3) Volunteered at vacation bible school and thoroughly enjoyed it. No, I really did. Someone is reading this and thinking I'm being sarcastic. Even I was shocked when I found myself looking forward to going in to see the kids everyday.

4) Drove Jane to a very lucrative babysitting gig for two weeks in which she made a lot of money. Suddenly found myself jealous of my teenage daughter's financial status.

5) Rode my bike for countless hours and still managed to stay fat, but I am not bitter about this. Not a single bit.

6) Celebrated Jane's sixteenth birthday. Had explosive inner turmoil ( of the existential kind). I do not like the way time is moving forward without asking me what I think. I suddenly find myself almost bursting into tears when I see young moms carrying their babies or walking with their little toddlers. I have become a hideous middle aged cliche. The woman grasping at straws to keep things just as they always were.

7) Recently started going back to daily Mass. Not because I feel like it though. Truthfully, I most often don't feel like it. But I go anyway. And am never sorry when I leave.
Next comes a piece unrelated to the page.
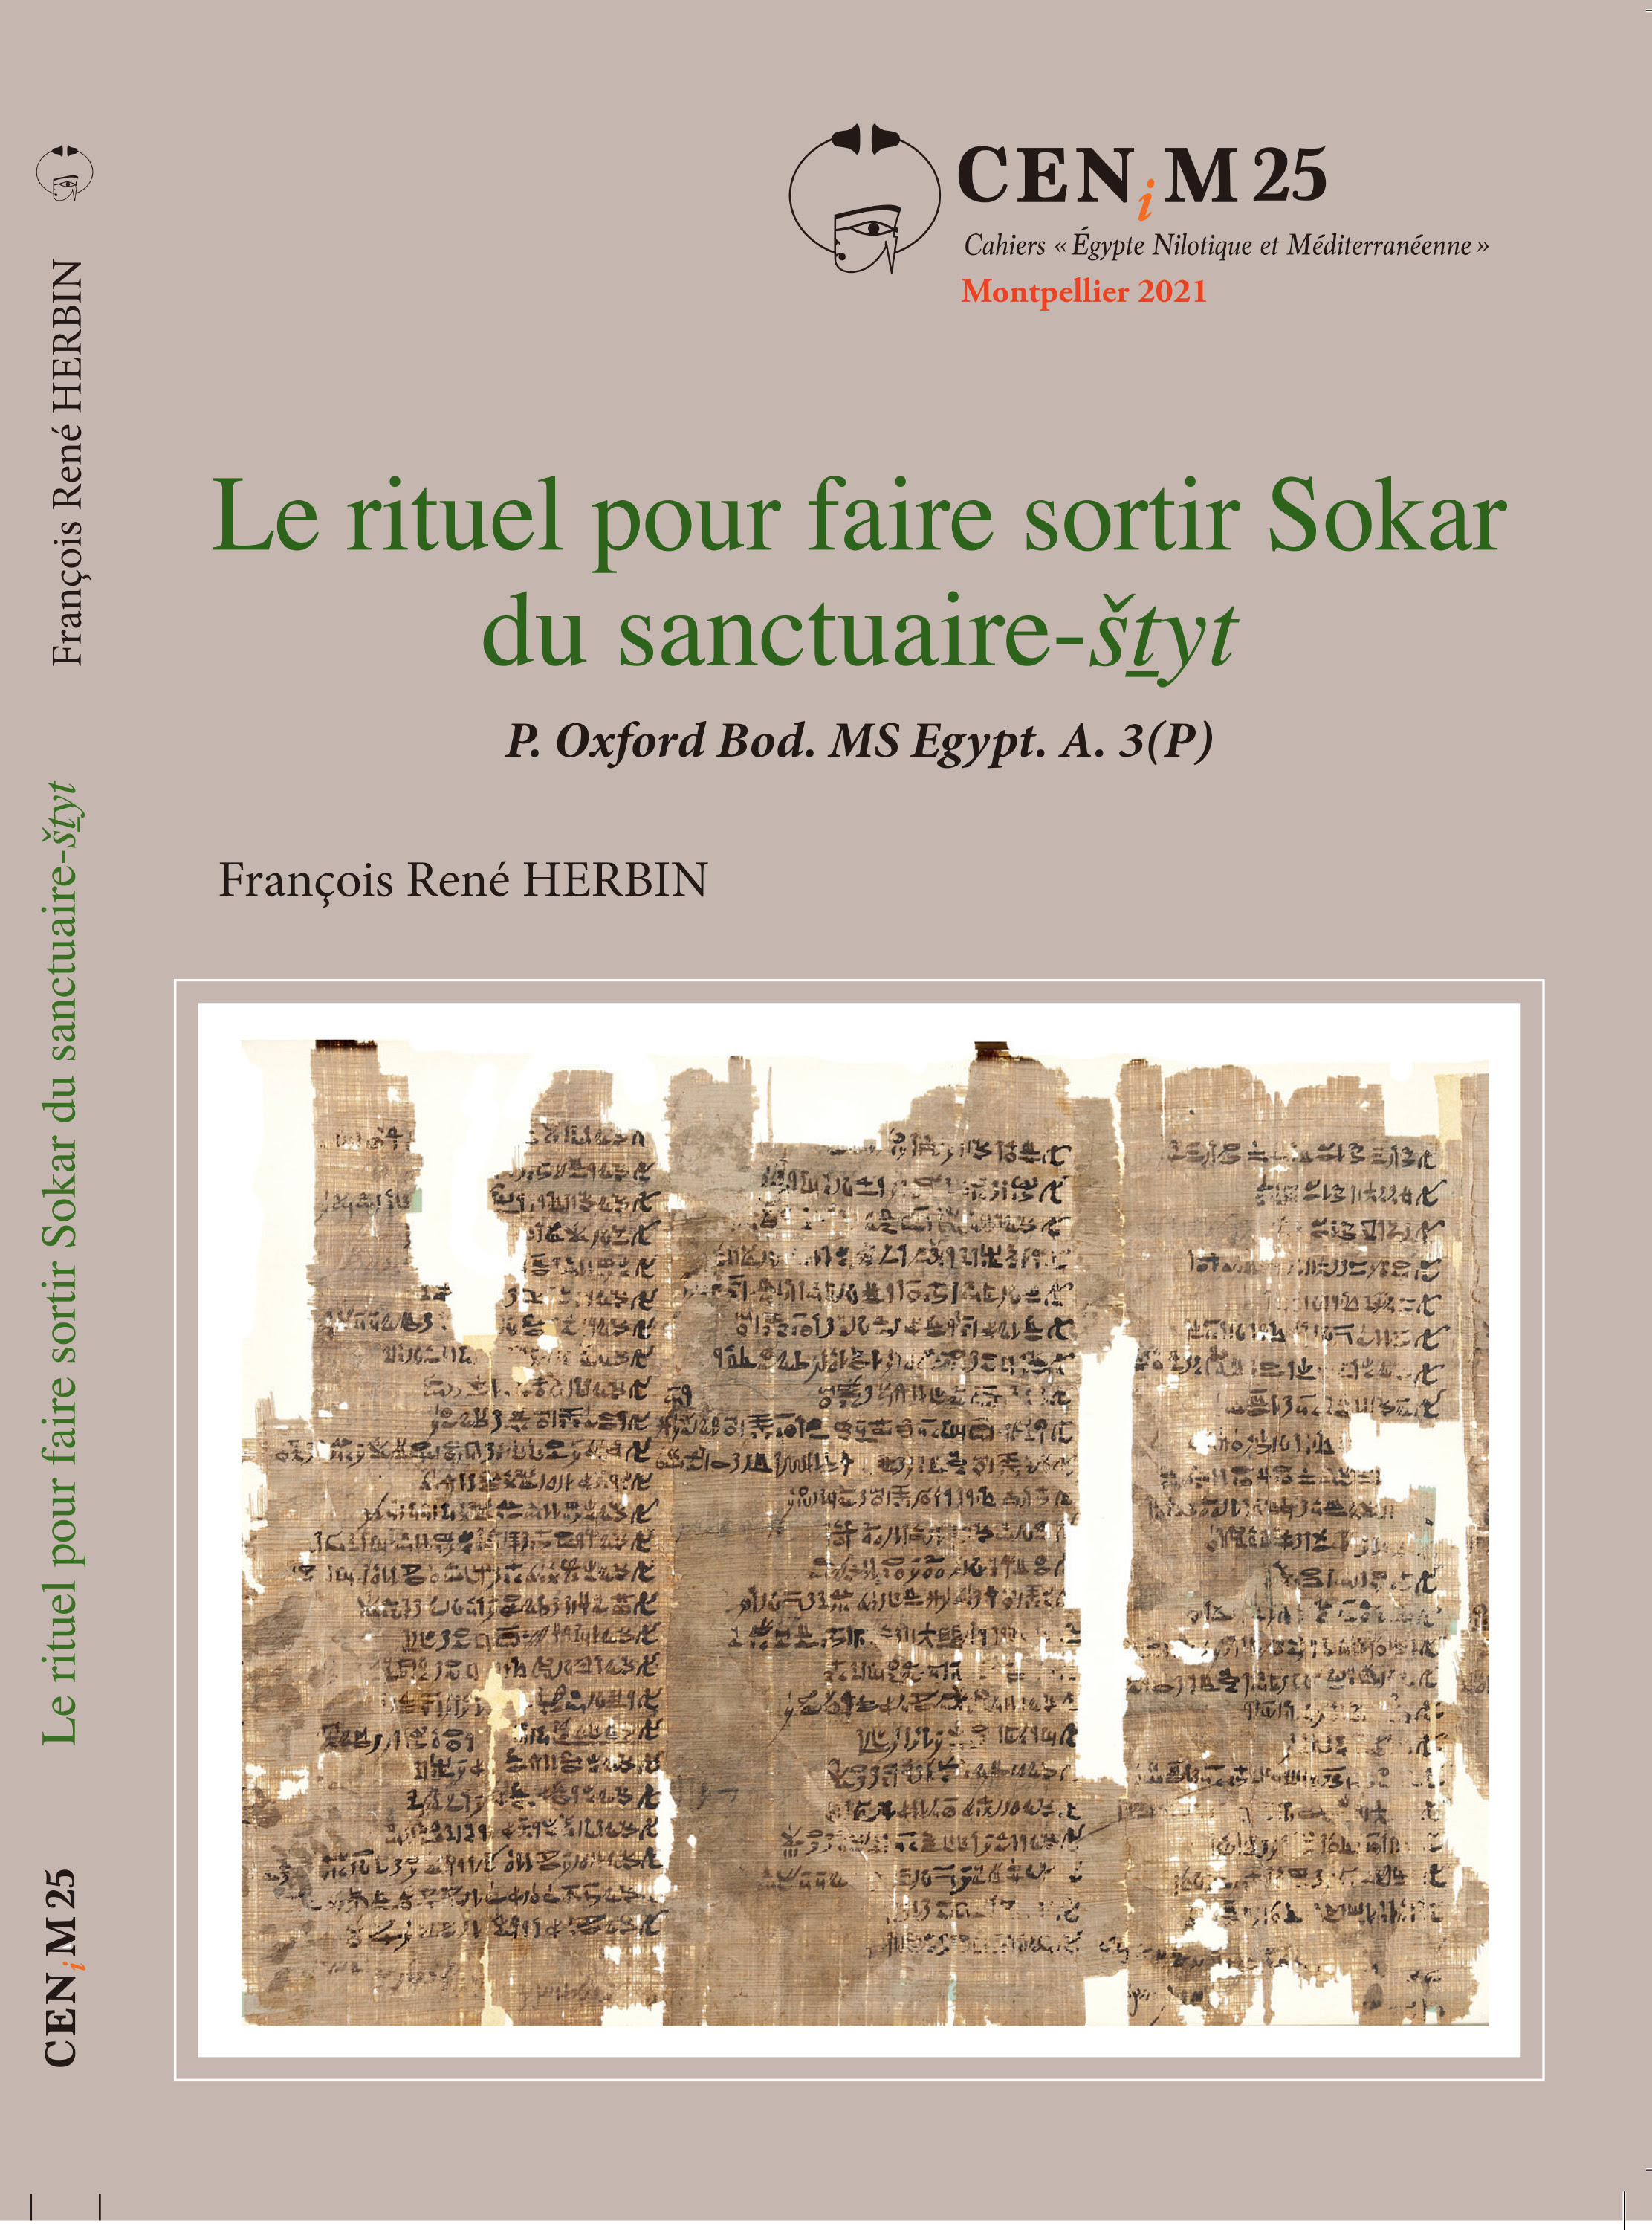 François René Herbin,  Le rituel pour faire sortir Sokar du sanctuaire-šṯyt. P. Oxford Bod. MS Egypt. A. 3(P)

8) Cut Maggie's hair because she began talking about her "rat's nest"  as though it were an appendage. It had become part of her and when I cut it off she told us it felt weird without it there. She became convinced that mice lived in her hair during her sleeping hours and when I told her no, that wasn't true, she cried and said it was true, she could feel them sleeping in there and they would leave every morning. Now that the rat's nest is gone I have no idea where the mice are sleeping. And yes, I did comb her hair, but no matter what we did the rat's nest would appear again and again and again. She has a cute bob now and it will stay like that until she is at least ten and can comb her own hair.